Almost simultaneously, advances were made in understanding both the processes within the source rock organic matter that accompany the generation and expulsion of hydrocarbons and in the acquisition, processing, and quantitative interpretation of 3D seismic data. In particular, as organic matter in shales in unconventional plays generates and expels hydrocarbons, porosity is formed in the organic matter and the organic matter becomes more dense and more brittle. As these changes are occurring at a micro-scale, extraction of hundreds of different attributes from a well-imaged 3D seismic volume has made it possible to observe changes at a macro-scale in seismic lines and horizons within that volume. Seismic attributes derived from pre-stack inversions yielding rock mechanical properties from shear (Vs) and compressional (Vp) velocities and density, when calibrated with well log and/or core measurements, can be combined to calculate TOC, pore pressure, rigidity, and compressibility because these properties cause fundamental changes in how seismic waves travel through the rock.
Equally important, the escalation in computing power via methods such as machine learning, neural networks, and multivariate statistics has made it possible to interpret large amounts of data. All of these innovations have contributed to better identification of sweet spots within unconventional plays. Such sweet spots include areas with elevated TOC values, enhanced porosity, and zones that can be targeted for fracking.
One of the primary advantages of seismic data is that it provides information in those areas in between control points/wells. This information in turn helps operators to better select targets for wells and for landing zones. Carefully tied 3D seismic inversion and integration with petrophysical and rock data further allow for detailed characterization of unconventional reservoirs.

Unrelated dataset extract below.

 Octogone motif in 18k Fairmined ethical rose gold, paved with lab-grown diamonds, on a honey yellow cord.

The enhanced ability to identify the best potential drilling targets has significant economic implications in terms of risk reduction and improved chances to find economic prospects.

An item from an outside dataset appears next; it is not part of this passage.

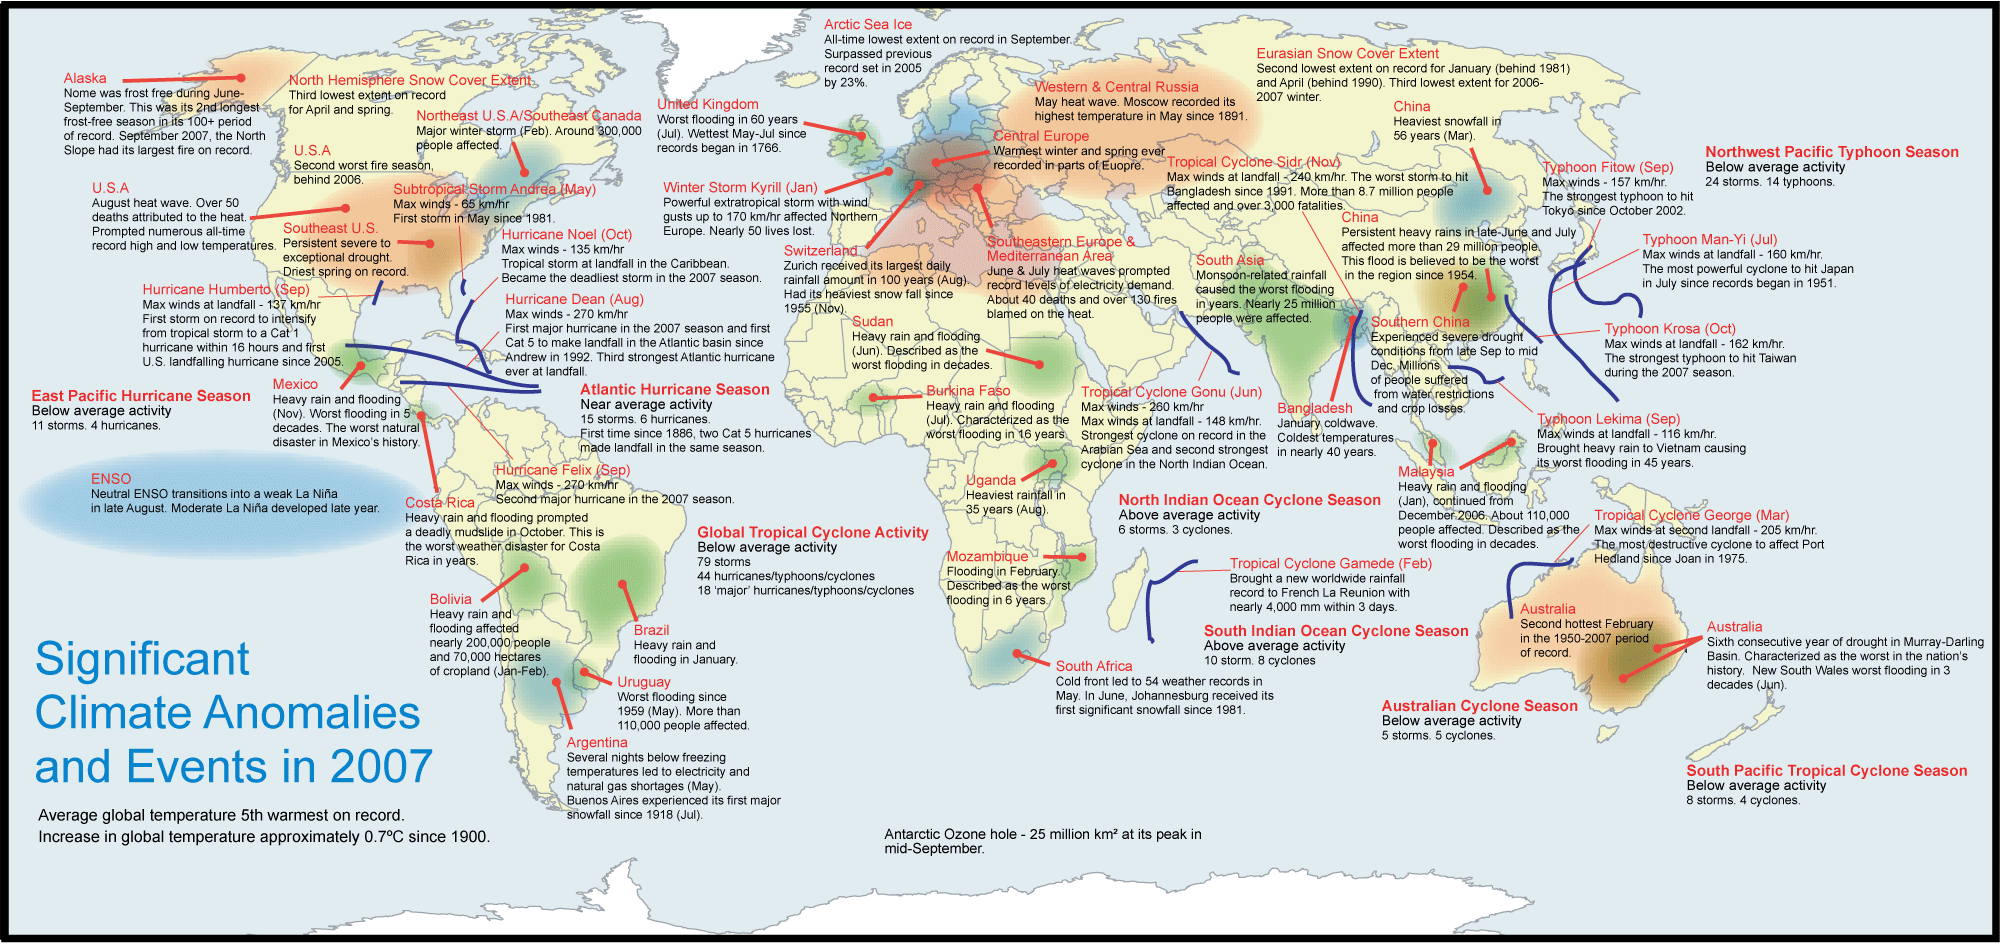 Significant Climate Anomalies in 2007

While 3D seismic data is being used routinely by numerous companies to predict the mechanical properties, density, and associated TOC of many formations, there is yet to be a direct link made between TOC loss, kerogen conversion, and the associated changes in rock properties. This work documents the importance of TOC loss during maturation and its effects on rock properties like porosity, density, brittleness, and how those advances coupled with the advances in quantitative interpretation of 3D seismic data are enabling the unconventional operators to predict location, thickness, landing zone, and sweet spots with appropriately acquired, processed, and interpreted 3D seismic. Meticulously calibrated 3D seismic inversion and integration with petrophysical and rock data permit detailed reservoir characterization of unconventional reservoirs.
Updated methods for the back calculation of original TOC have been developed using well logs, rock measurements, and 3D basin modeling to assist in locating and developing unconventional reservoirs. In addition, petrophysical measurements that reflect TOC and porosity and are related to fundamental properties controlling the seismic response can be extracted from the seismic reflection data. In turn, seismic attributes derived from pre-stack inversions yielding rock mechanical properties from shear (Vs) and compressional (Vp) velocities and density, when calibrated with well log and/or core measurements, can be combined to estimate TOC, pore pressure, rigidity, and compressibility because these properties cause basic modifications in how seismic waves travel through the rock.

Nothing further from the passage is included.